Work to complete: Every line of the material is to be transcribed verbatim, with images omitted.

Data shown:
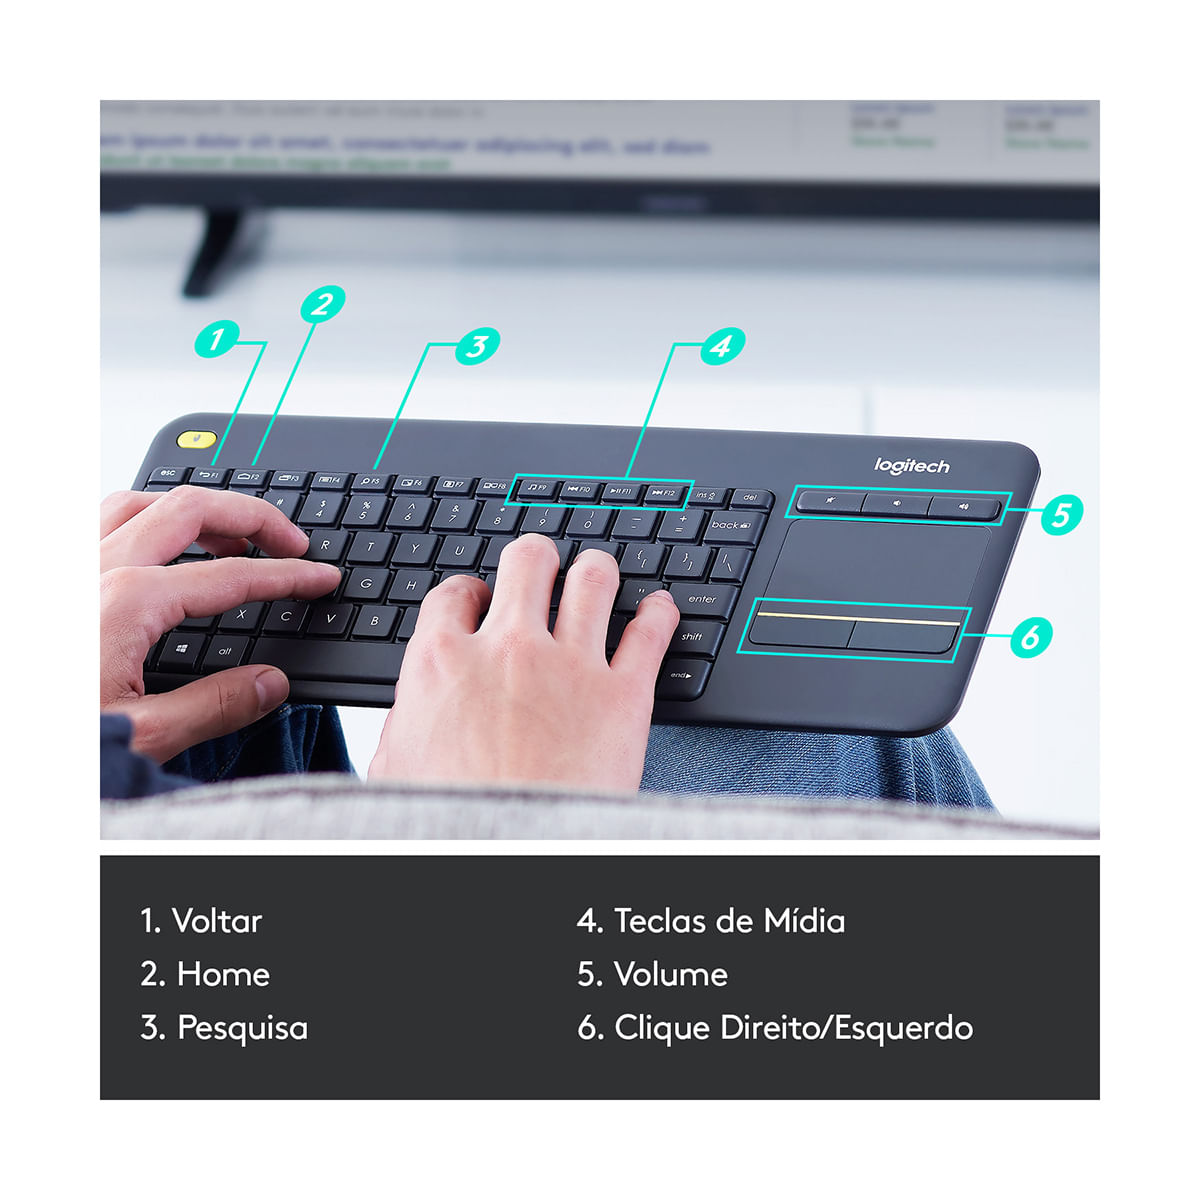 teclado-sem-fio-logitech-k400-plus-tv-com-touchpad-integrado-conexao-usb-unifying-e-layout-abnt2-3.jpg
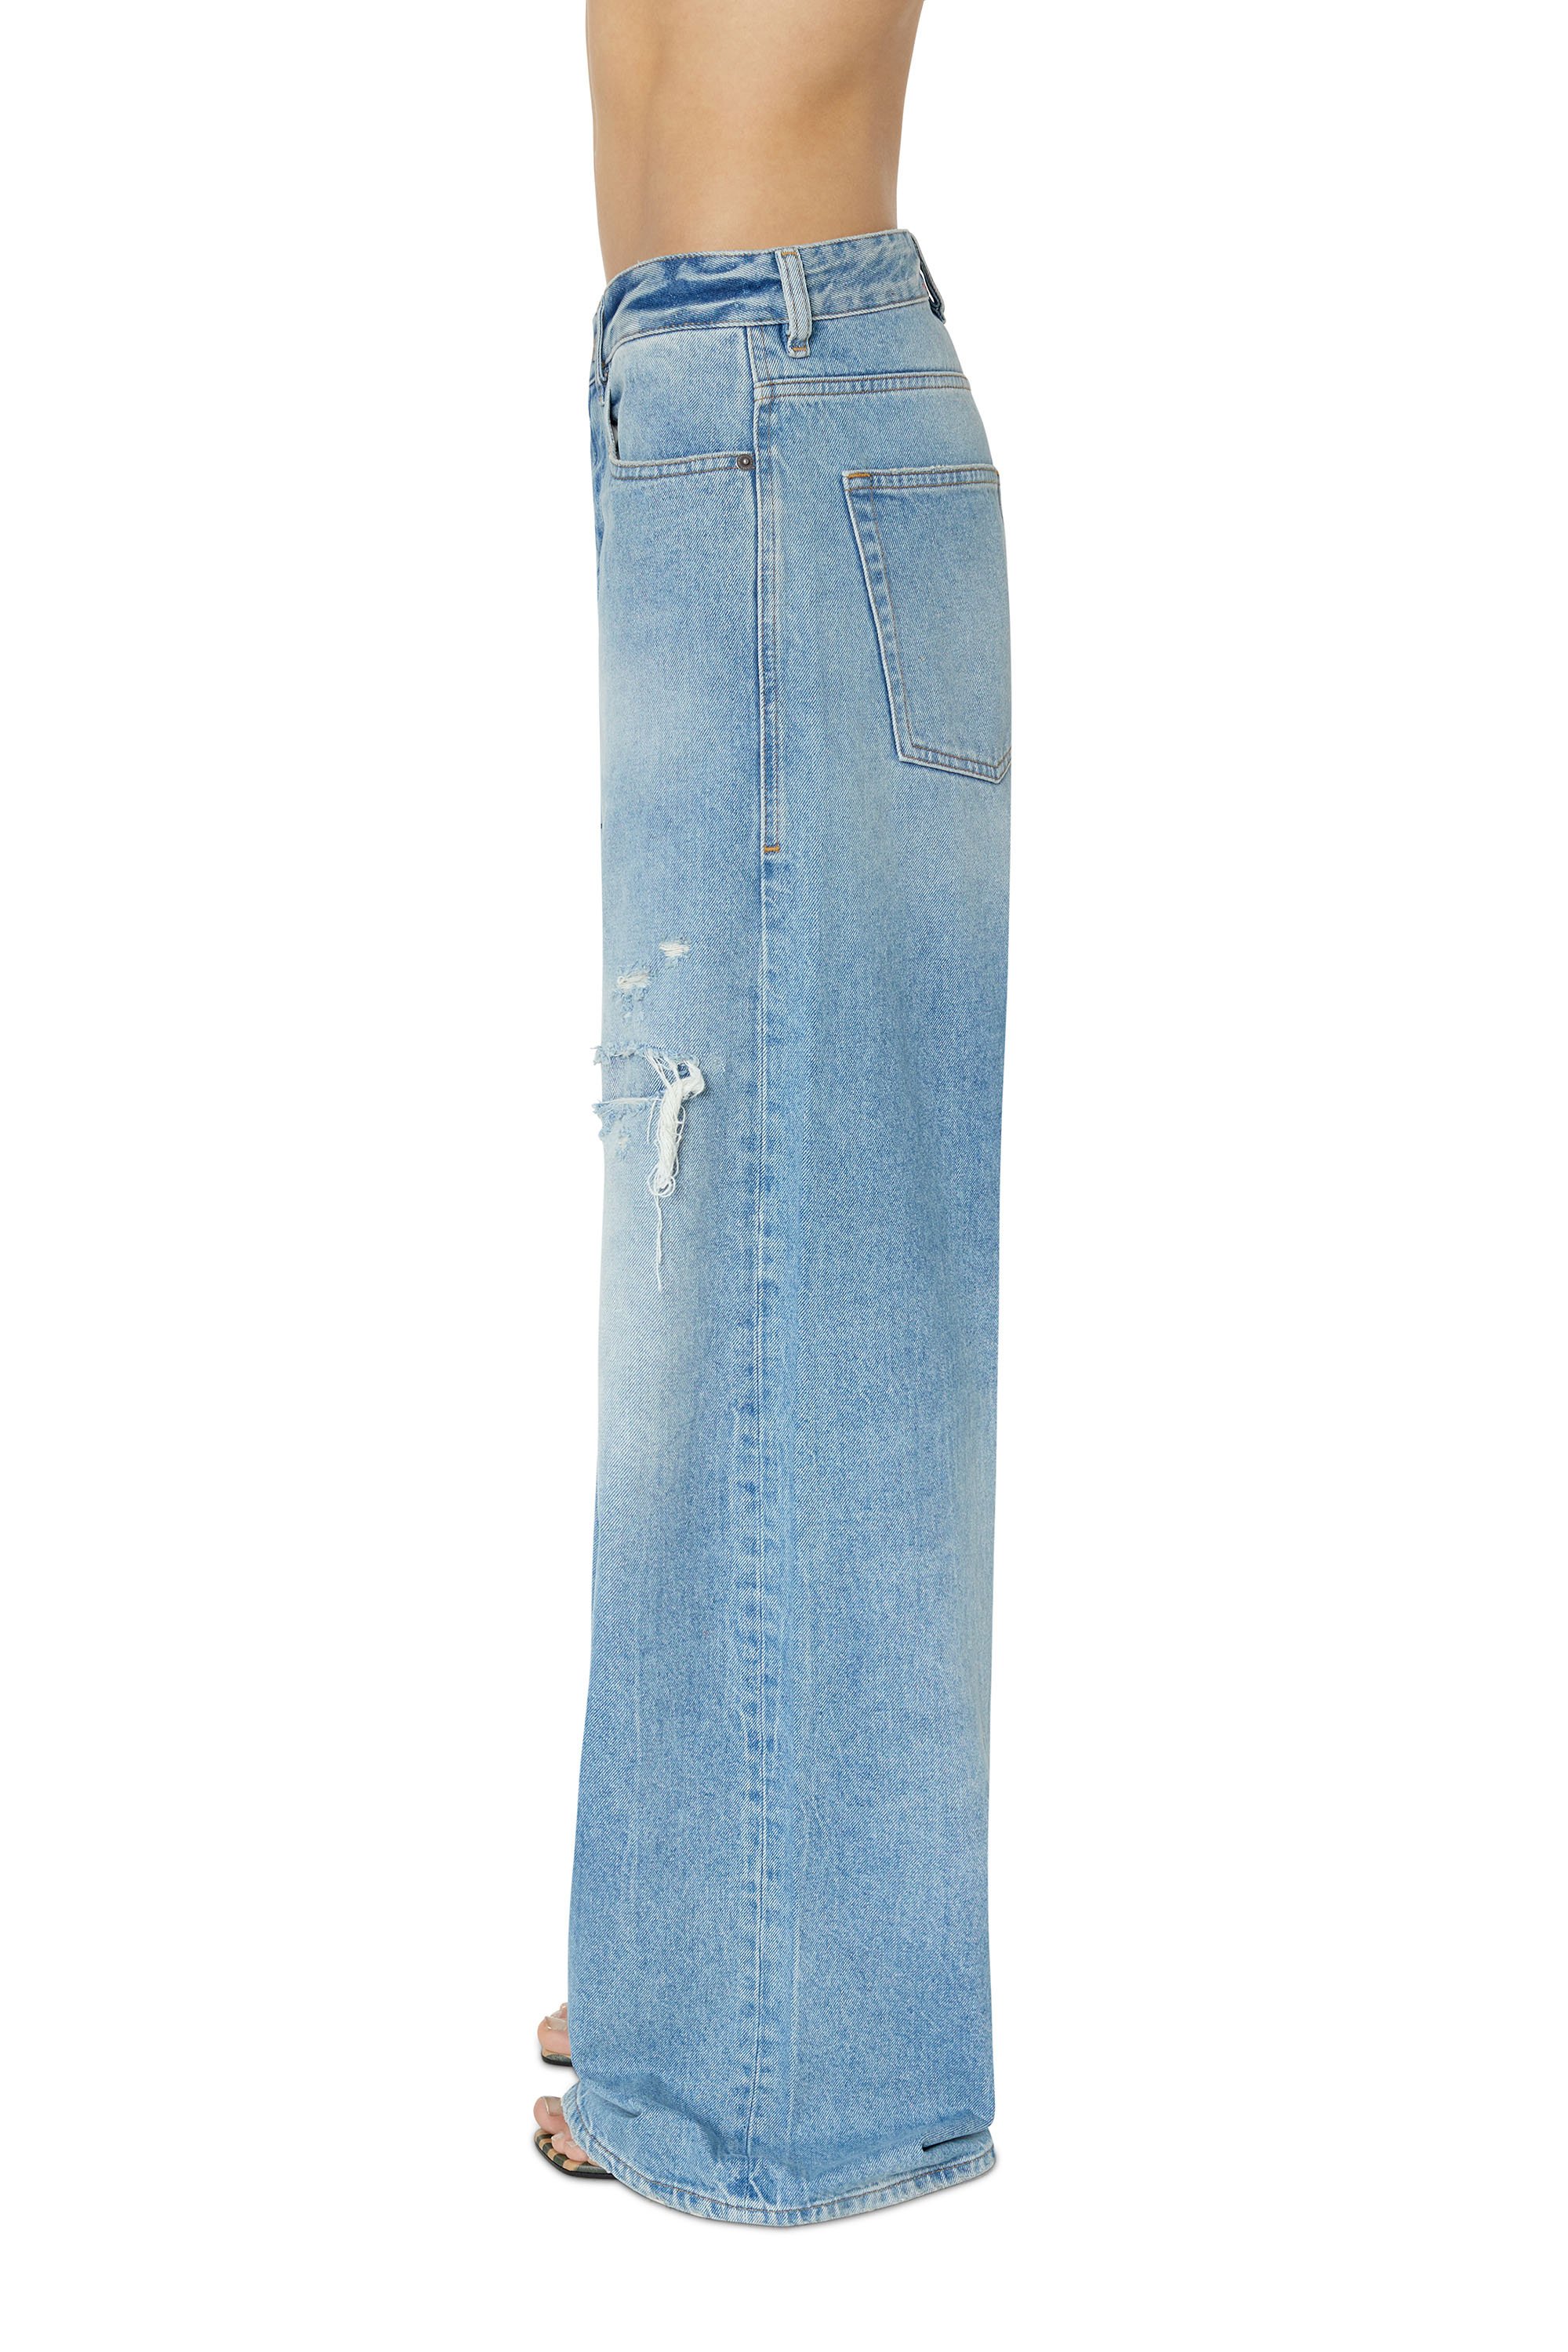 Rabatt 94 % Lefties Straight jeans DAMEN Jeans Straight jeans Destroyed Blau 28 
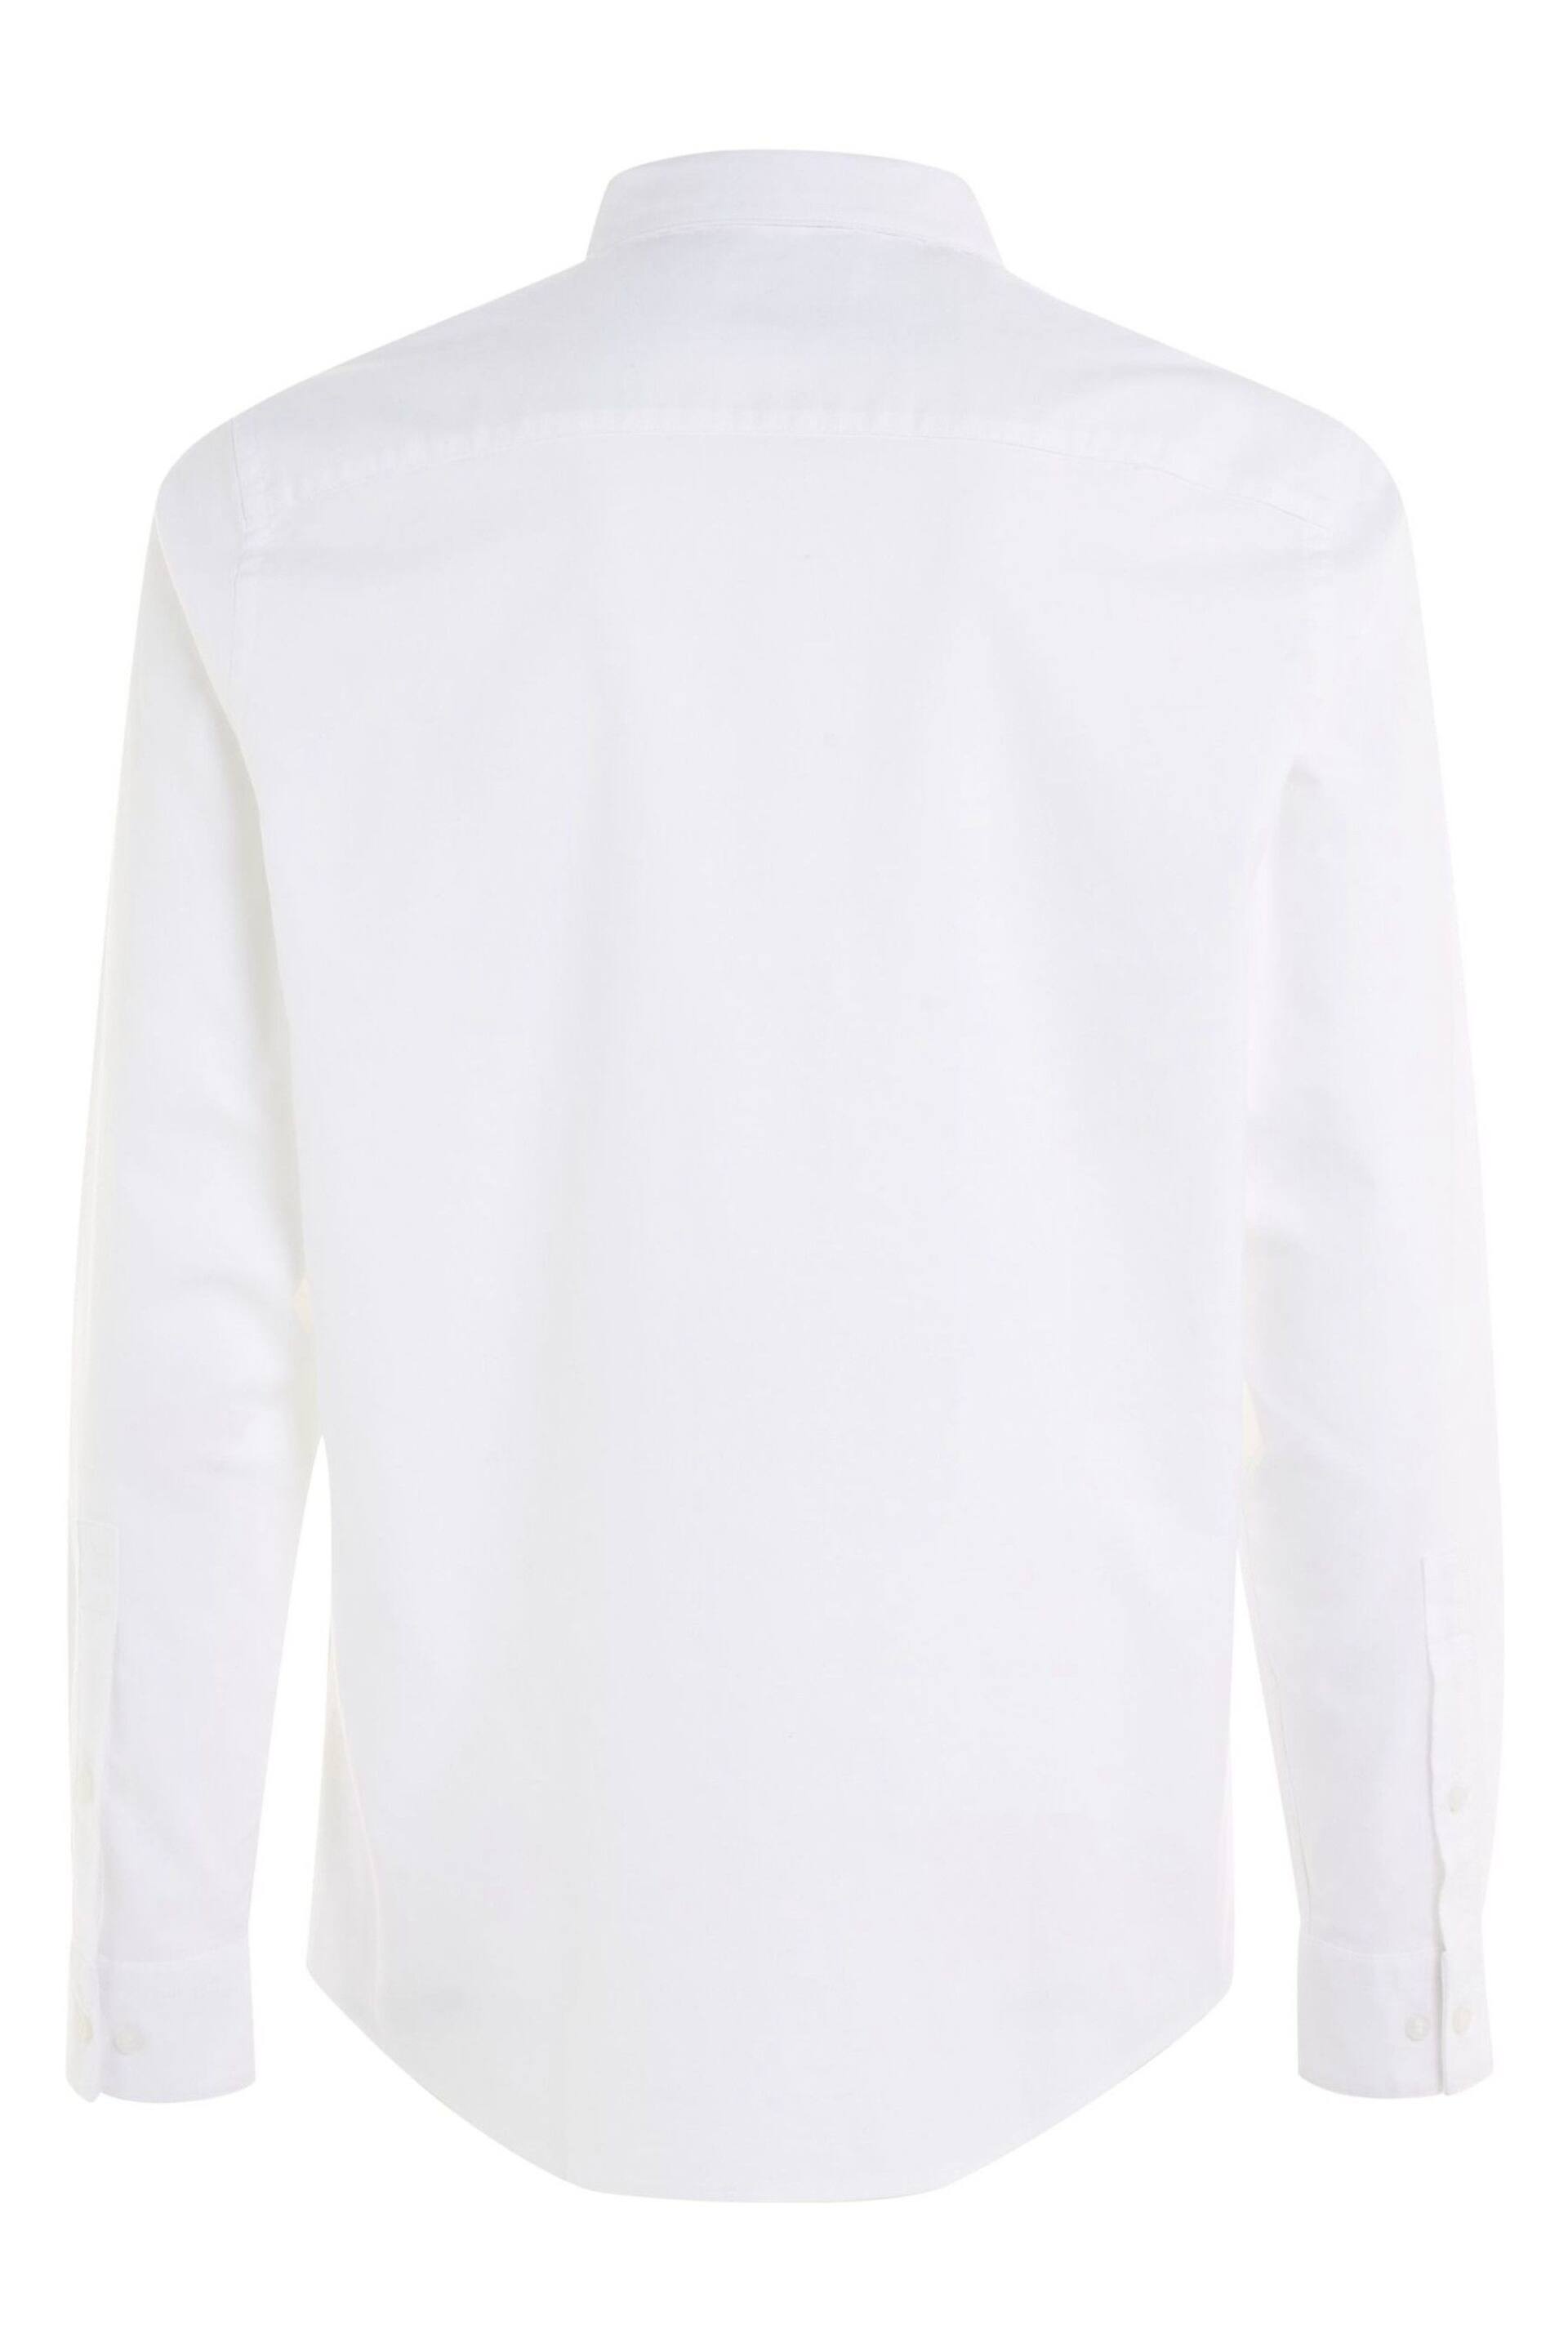 Calvin Klein White Stretch Oxford Shirt - Image 5 of 7

Answer below:
 teclado-sem-fio-logitech-k400-plus-tv-com-touchpad-integrado-conexao-usb-unifying-e-layout-abnt2-3.jpg
 Rabatt 94 % Lefties Straight jeans DAMEN Jeans Straight jeans Destroyed Blau 28 
 Calvin Klein White Stretch Oxford Shirt - Image 5 of 7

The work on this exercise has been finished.